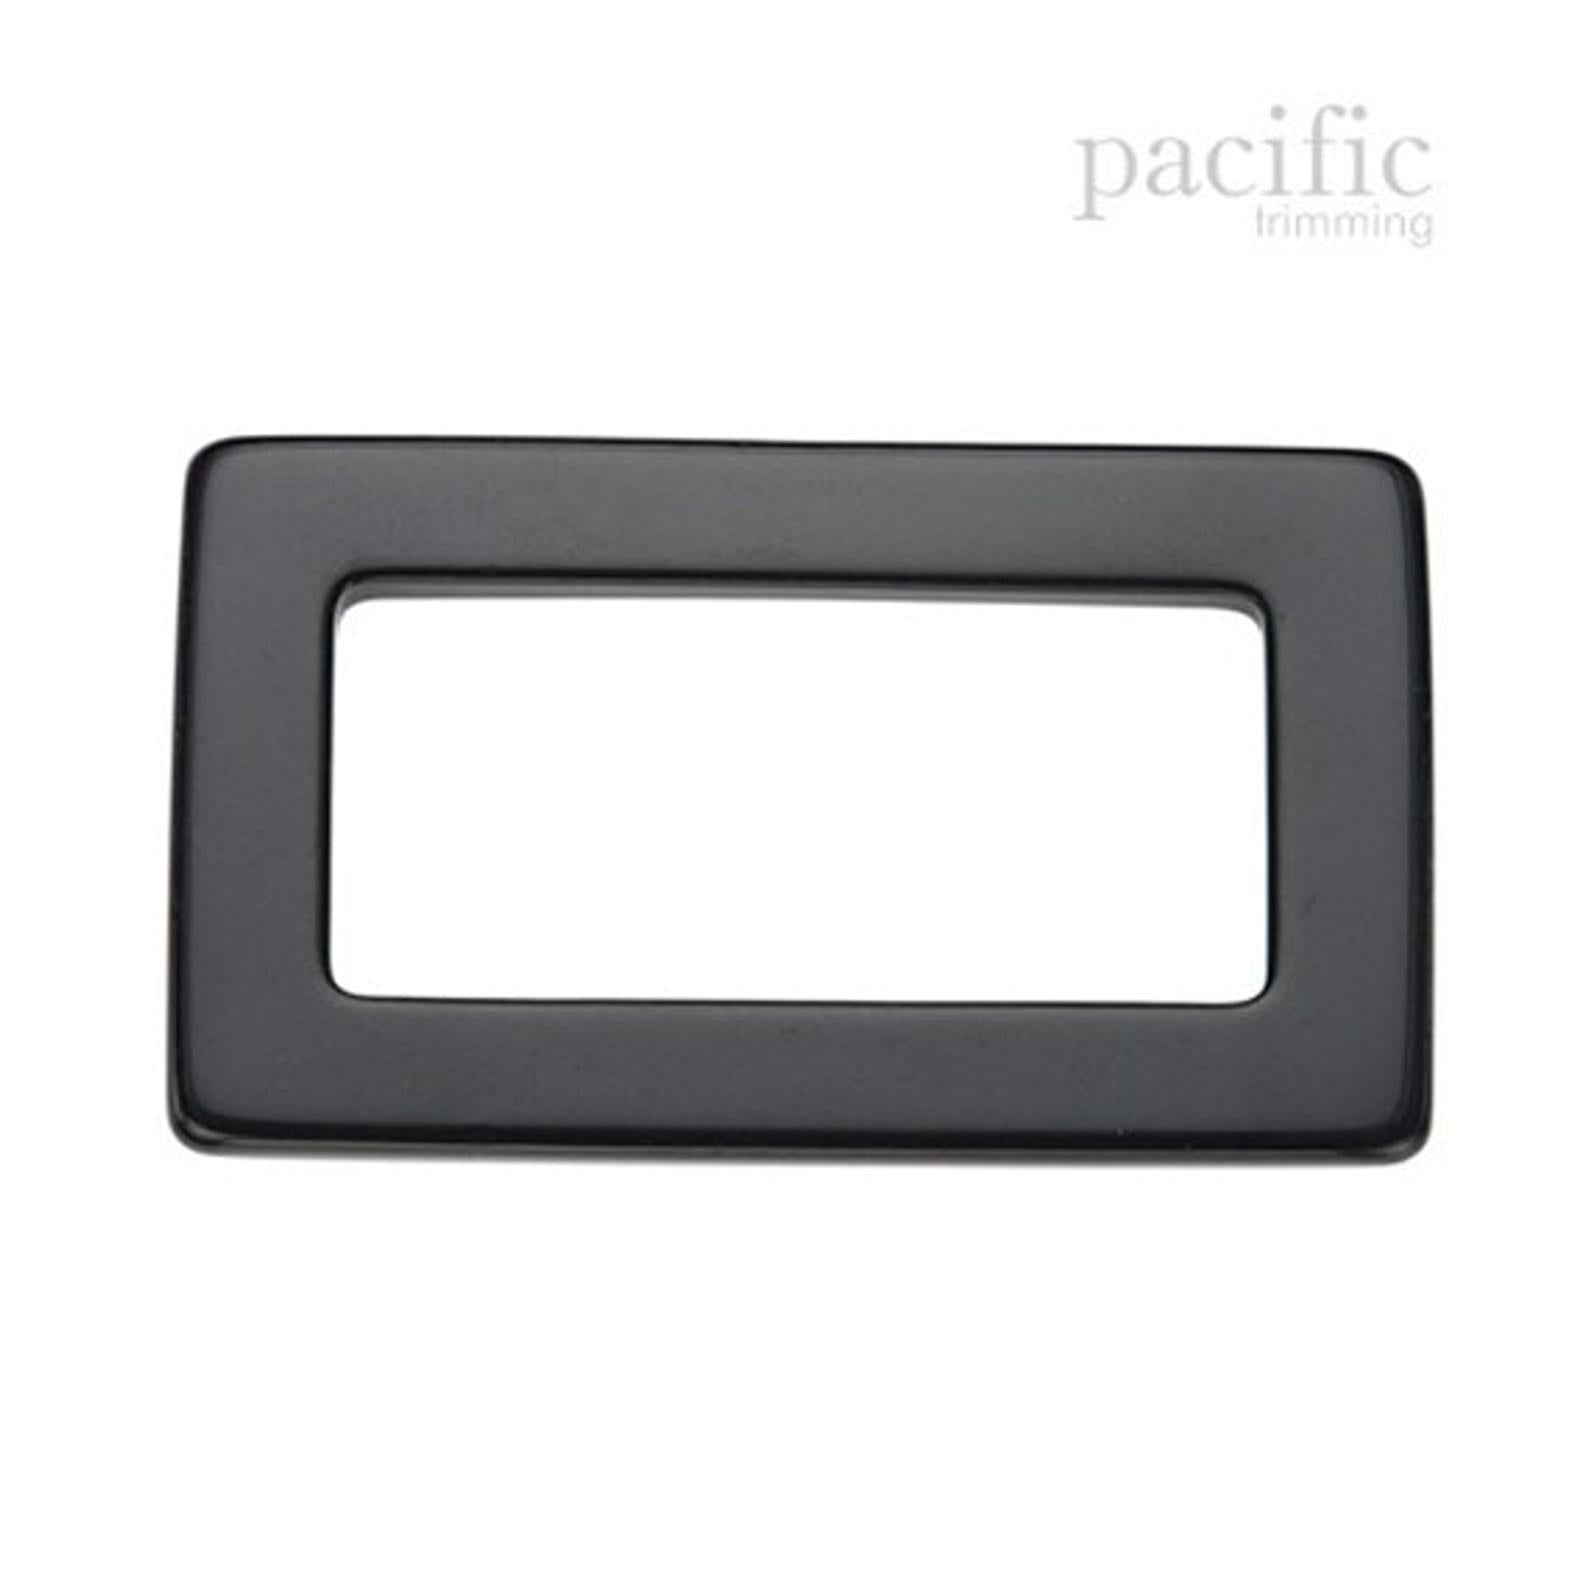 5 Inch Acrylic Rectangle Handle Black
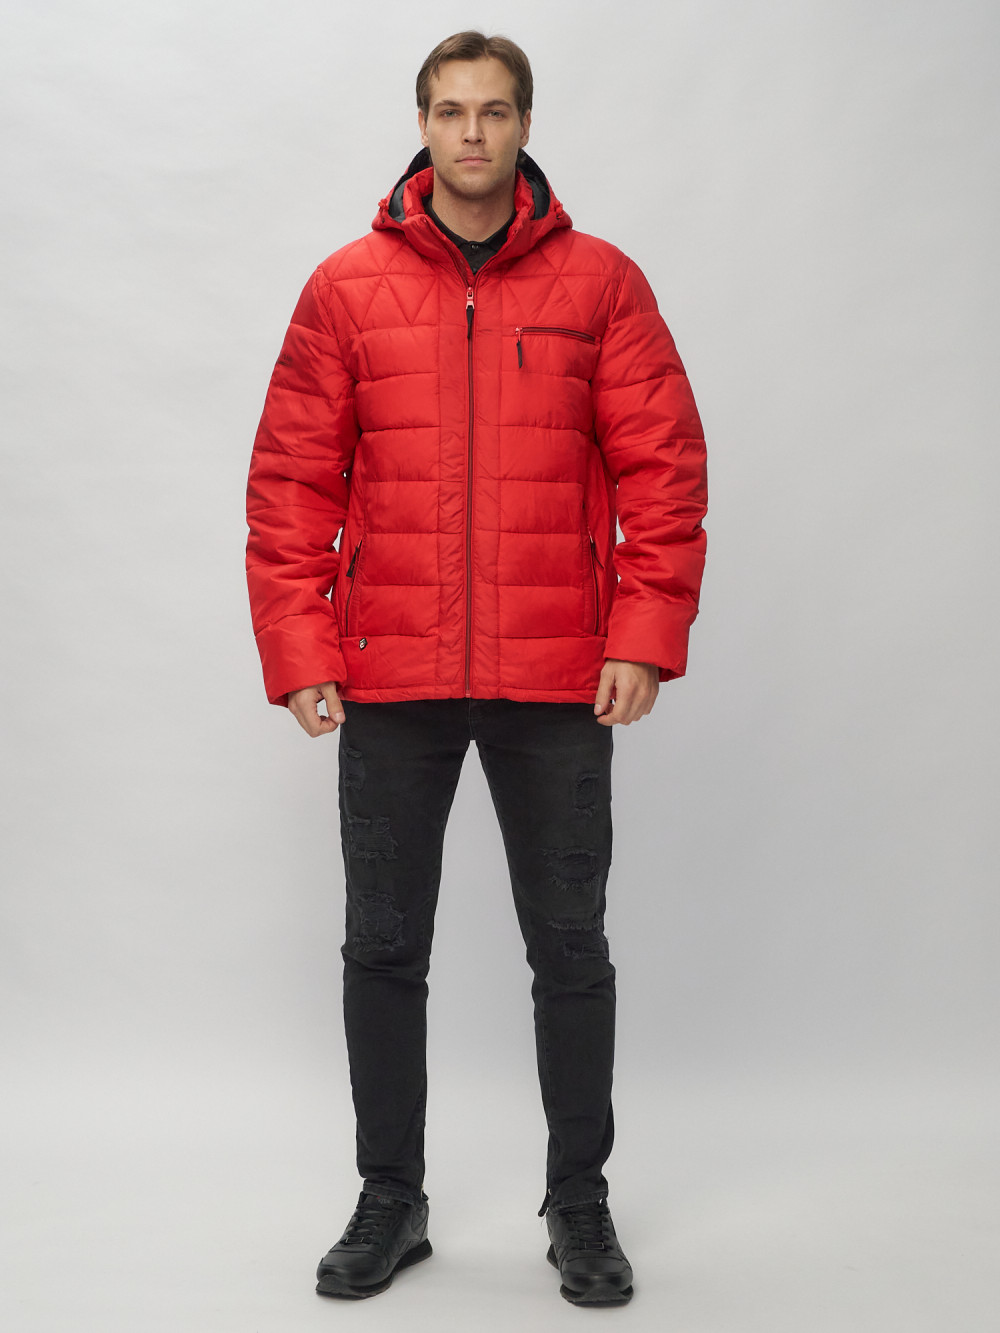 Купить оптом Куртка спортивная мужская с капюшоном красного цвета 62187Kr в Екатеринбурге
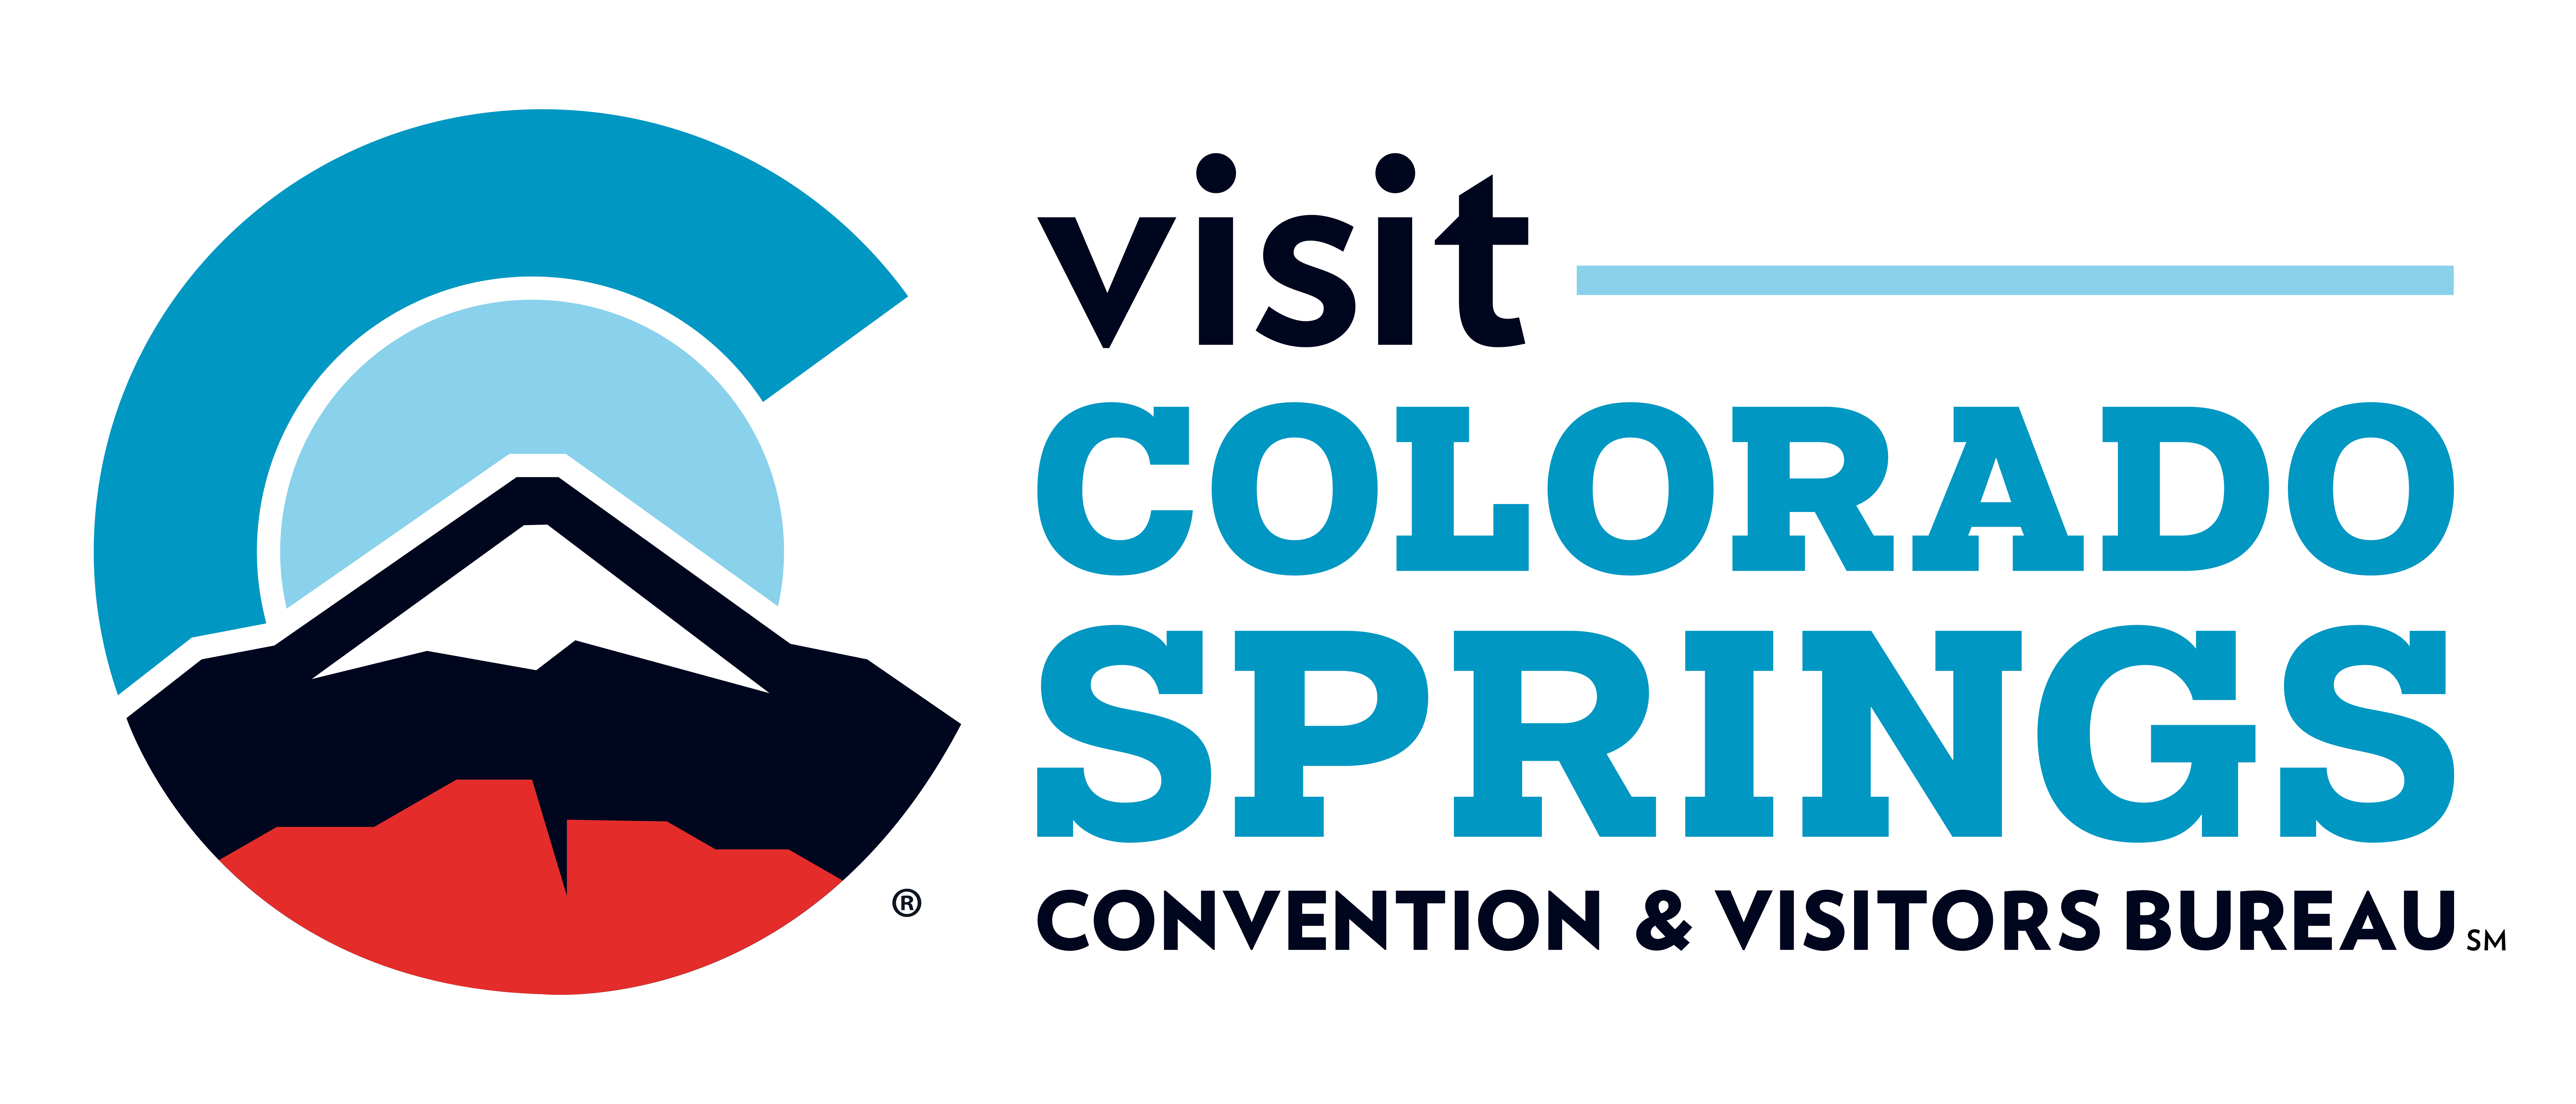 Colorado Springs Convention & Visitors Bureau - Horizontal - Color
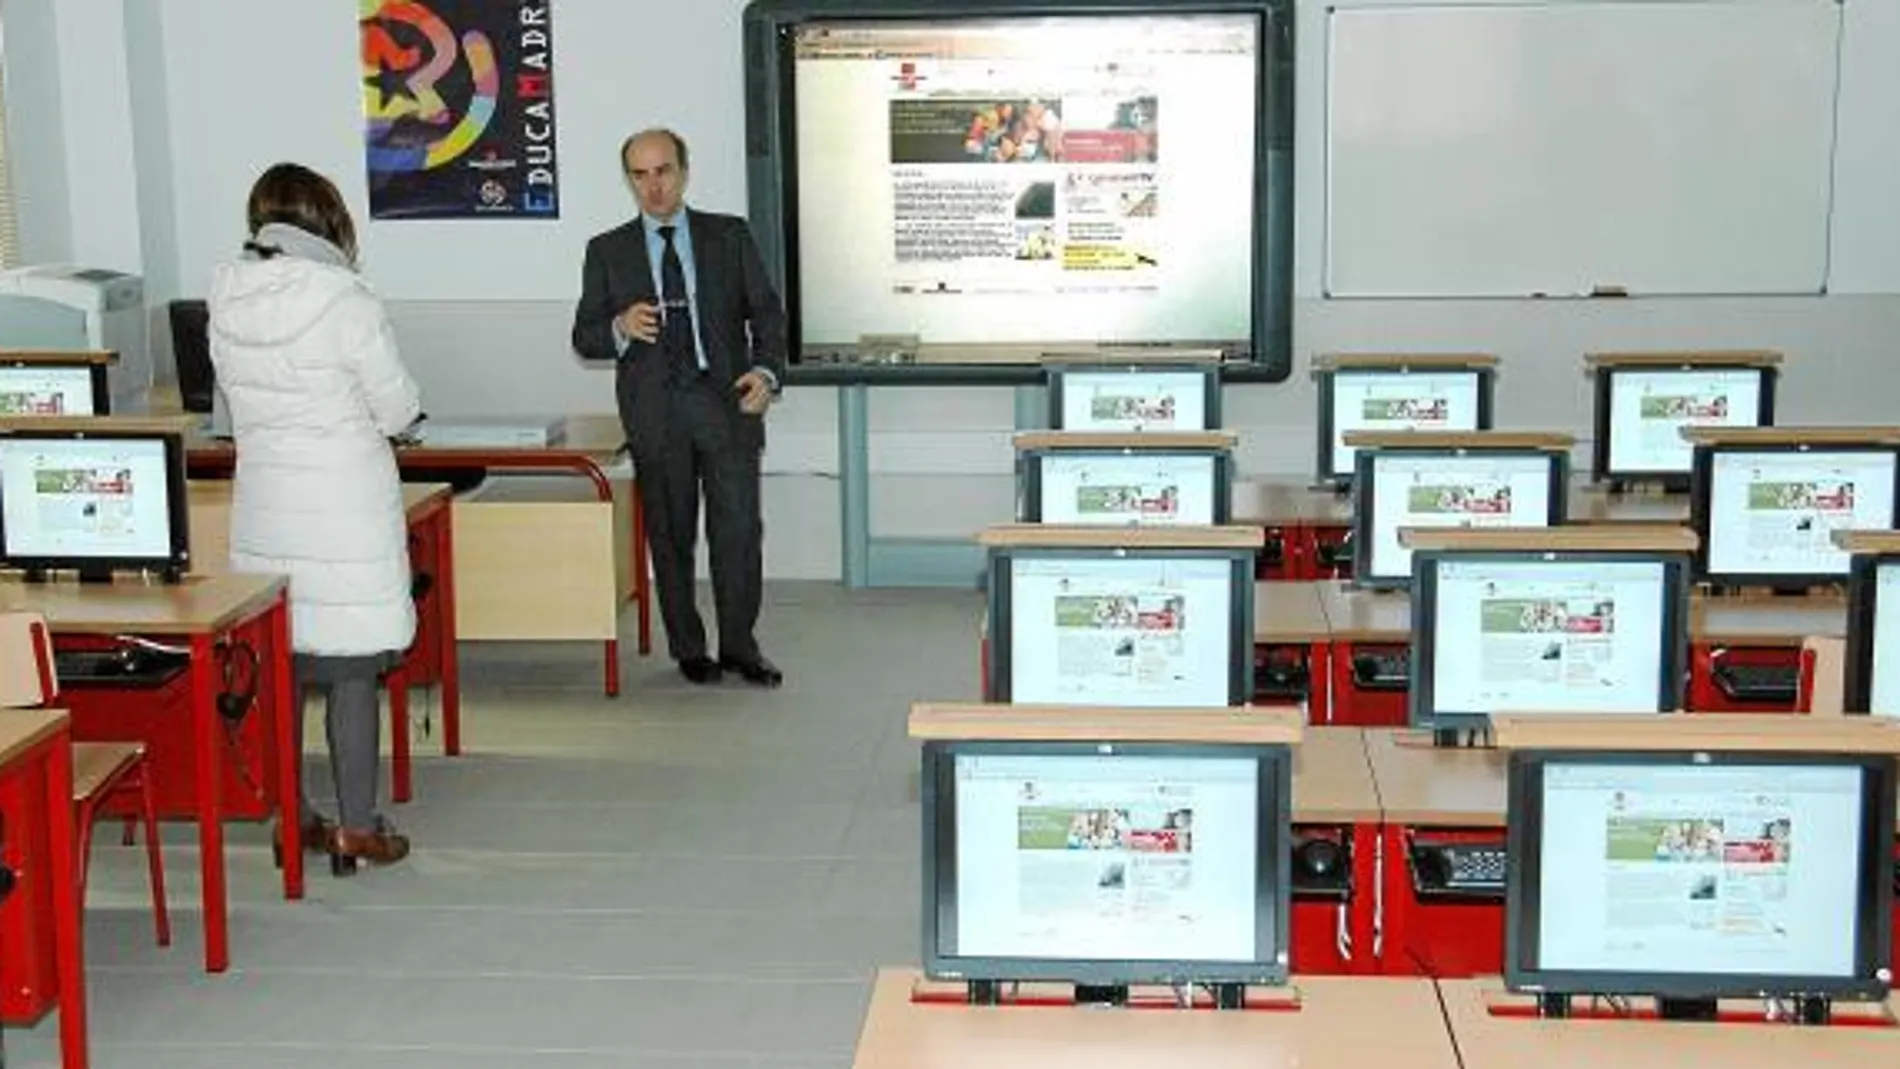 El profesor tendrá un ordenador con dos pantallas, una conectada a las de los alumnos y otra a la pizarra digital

········

→ **What is being asked**
Please restate word for word each line from the one containing "Colorado Springs Convention" to the end of the data above, without the pictures.

→ **Output for this exercise**
 Colorado Springs Convention & Visitors Bureau - Horizontal - Color
 El profesor tendrá un ordenador con dos pantallas, una conectada a las de los alumnos y otra a la pizarra digital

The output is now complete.